1. El desolvido (1971)

Los años sesenta en Venezuela son considerados como la década violenta. A partir de 1961 surgen movimientos subversivos que se rebelan contra el gobierno de turno. Esos intentos utópicos de cambiar el mundo fracasaron. De ese proyecto malogrado trata El desolvido, en un tono realista y descarnado, que en el concierto de voces de sus protagonistas pudiera leerse como un testimonio autobiográfico. La autora recurre al expediente de la ficción y le imprime a su relato un carácter autocrítico y cuestionador, que incluye una propuesta ética.

 

2. La noche llama a la noche (1985)

Es esta una novela acabada, sin fisuras, una demostración de madurez. Aquí Victoria de Stefano se muestra dueña y señora de su oficio, juega y baraja sus cartas como un consumado tahúr. Novela dentro de la novela, La noche… es una apuesta arriesgada por la postmodernidad narrativa. Matías, el personaje central, que pareciera pertenecer al mundo de El desolvido, hace su aparición sumergido en una acción desesperada. Pronto desaparece, pero se mantiene como una presencia viva en la memoria de su hermano Ramón y en la mente del novelista, amigo de aquél, que va reconstruyendo y reinventando la historia.

 

3. El lugar del escritor (1992)

En esta novela está condensada la esencia de la escritura de Victoria de Stefano, sus mejores y más refinados atributos. Predomina la conciencia vigilante y crítica de la narradora, su aguda inteligencia, el hábil manejo de los instrumentos de su oficio, su apego a una labor que es su razón de ser, su conocimiento de lo humano y el reconocimiento del lugar que ocupa sobre la tierra. La acción central del relato, que en algunas instancias hace guiños a una novela de Virginia Wolf (Entre actos), se cumple en el transcurso de una fiesta de artistas. La narradora-protagonista observa a los personajes de una fauna que conoce muy bien, y los va describiendo en sus detalles más íntimos y significativos.

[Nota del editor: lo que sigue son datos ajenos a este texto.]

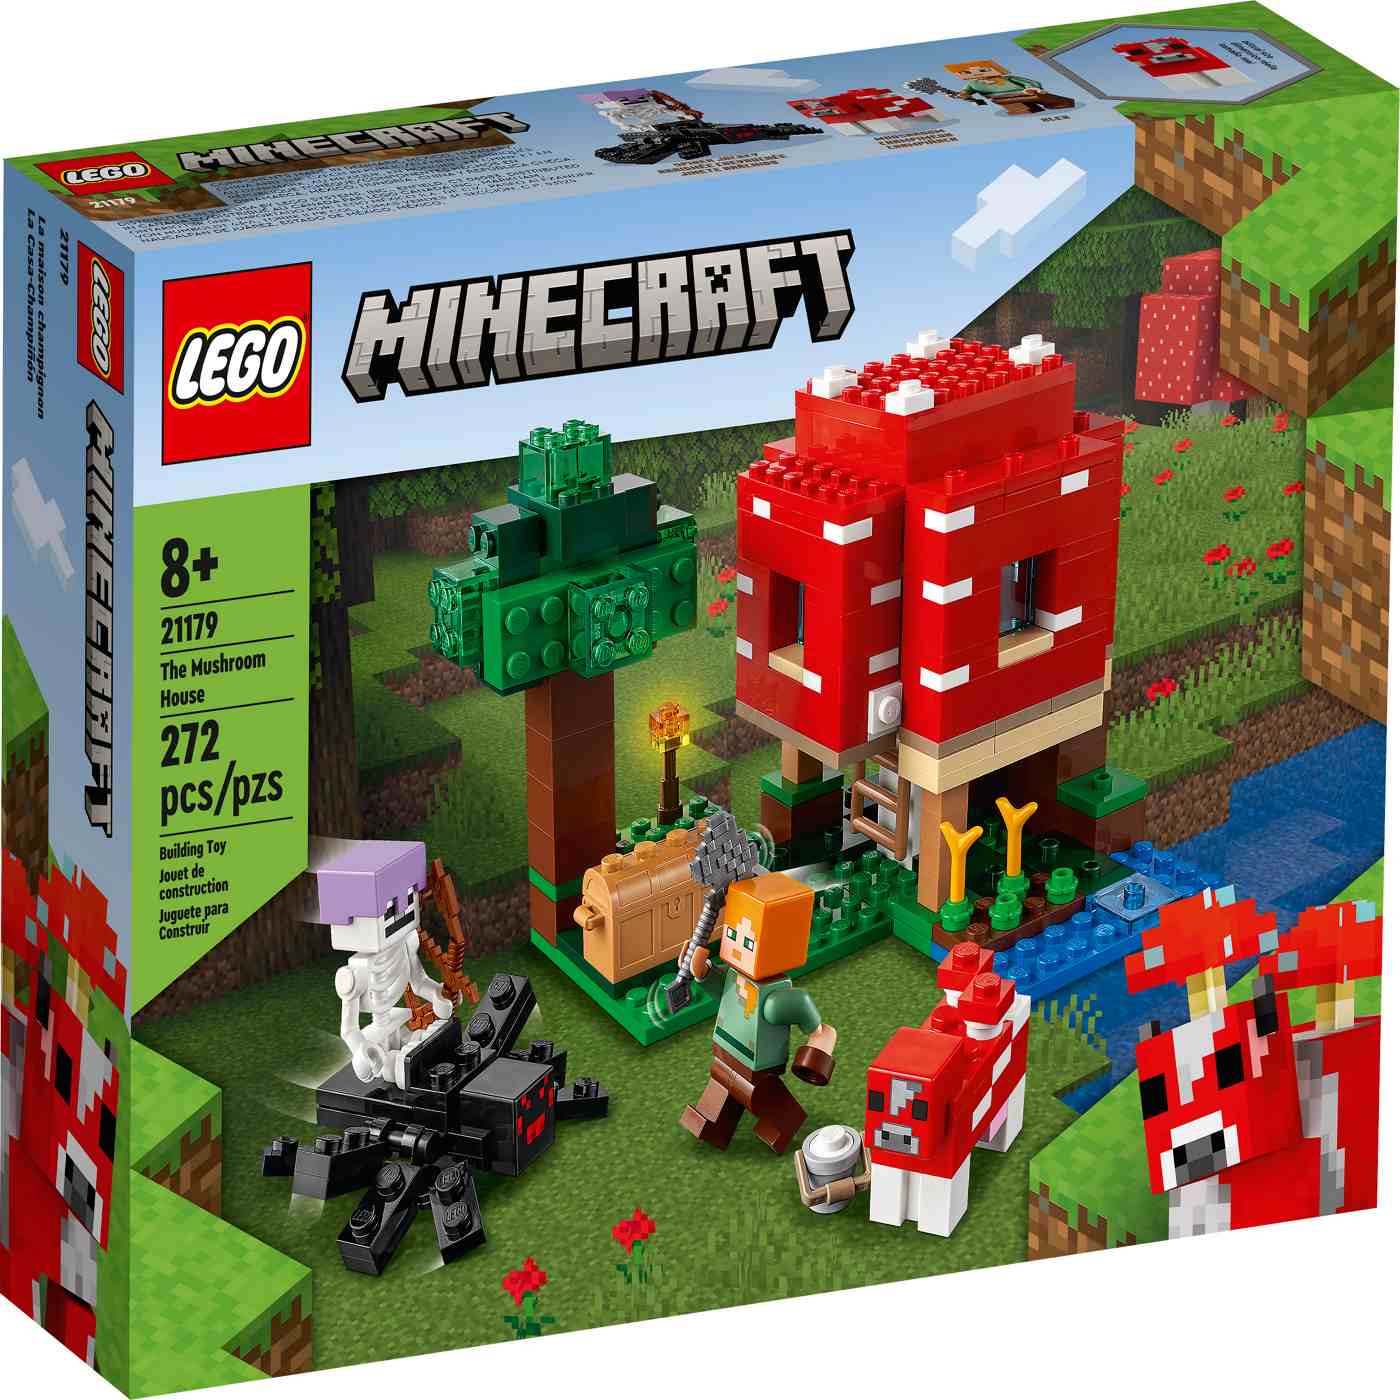 Building LEGO Minecraft Sets in Minecraft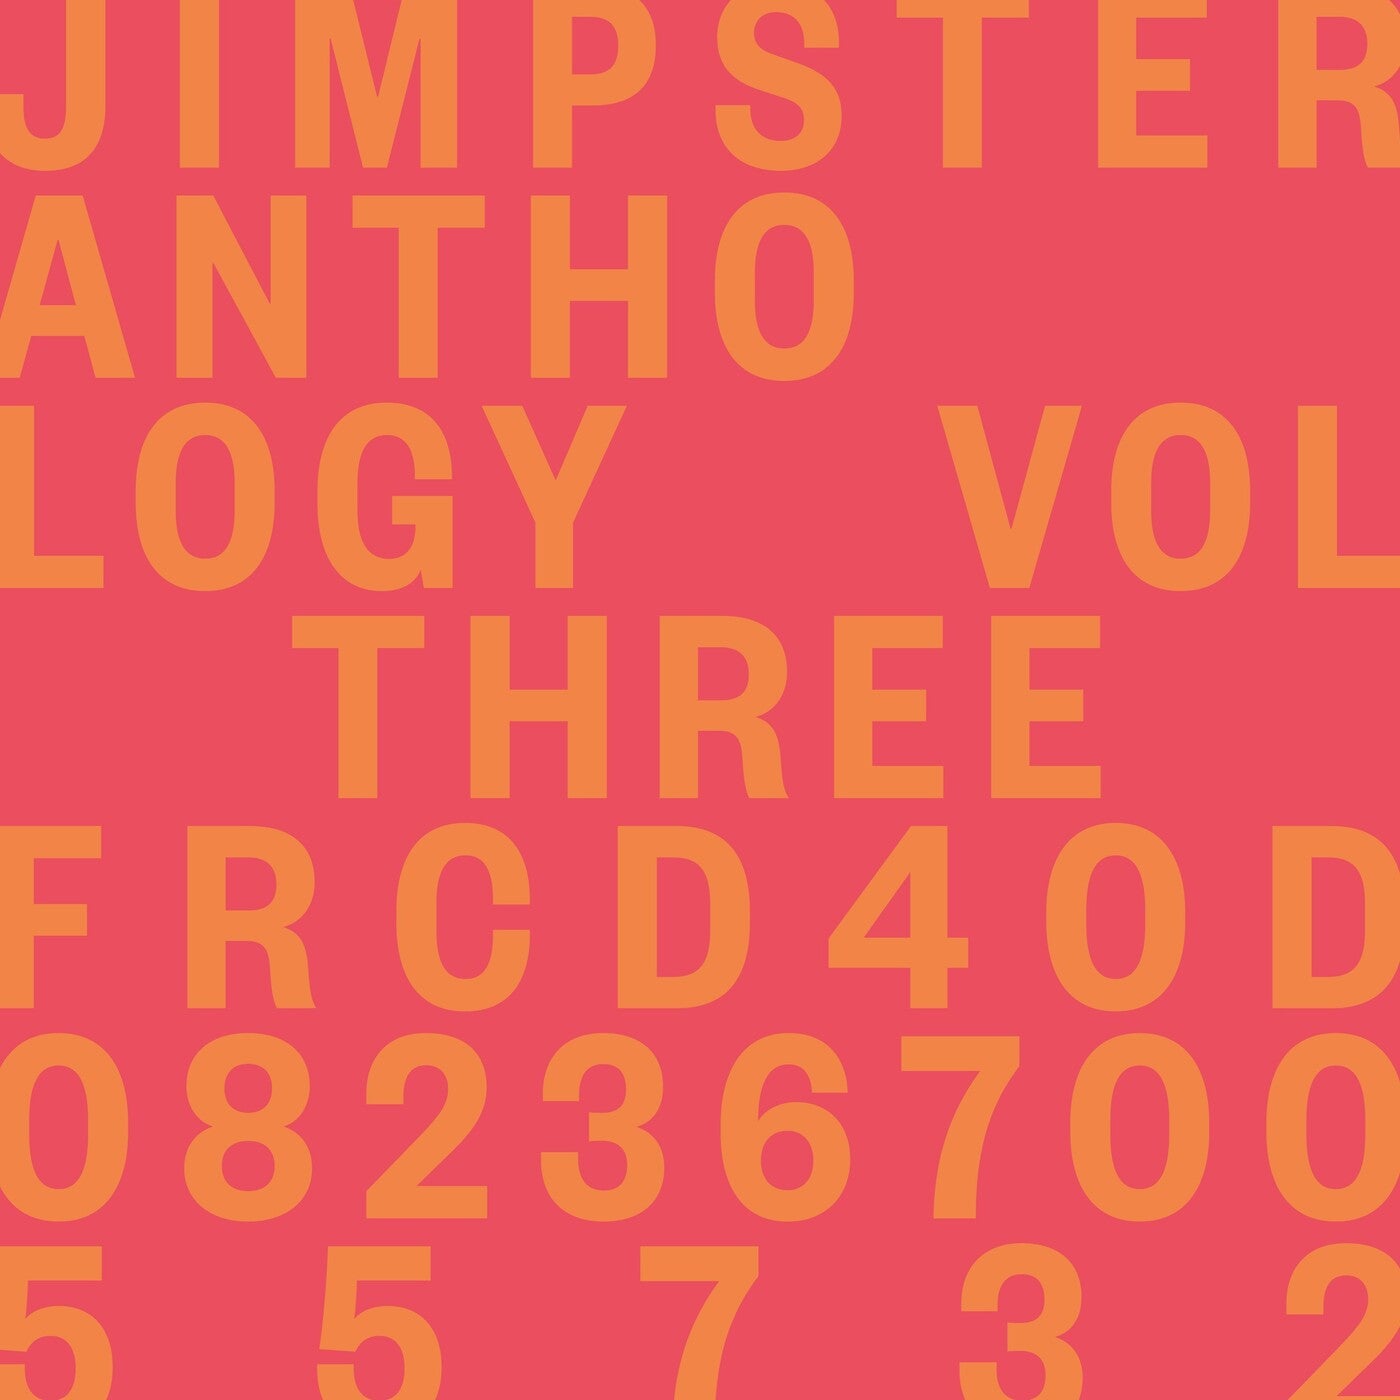 Jimpster - Anthology, Vol. Three [FRCD40D]

Y también se observa a sí misma, reflexiona acerca de su condición de novelista y se regocija en su labor.

4. Cabo de vida (1993)

Aquí la autora explora el mundo de los otros, lo ajeno y distante, aquello que sólo la ficción hace posible. Los personajes, ocupados en tareas de supervivencia, adquieren un carácter épico donde se manifiesta el heroísmo de lo cotidiano. Vaciada en un molde realista y escrita con un lenguaje terso, pulcro y cuidado, Cabo de vida pareciera ser un homenaje a los desheredados de la fortuna, a los pequeños seres tan próximos y lejanos. Y en su minuciosa descripción se convierte en un alegato donde predominan los más puros valores de la solidaridad. Se entiende en esta narración el significado de la compasión.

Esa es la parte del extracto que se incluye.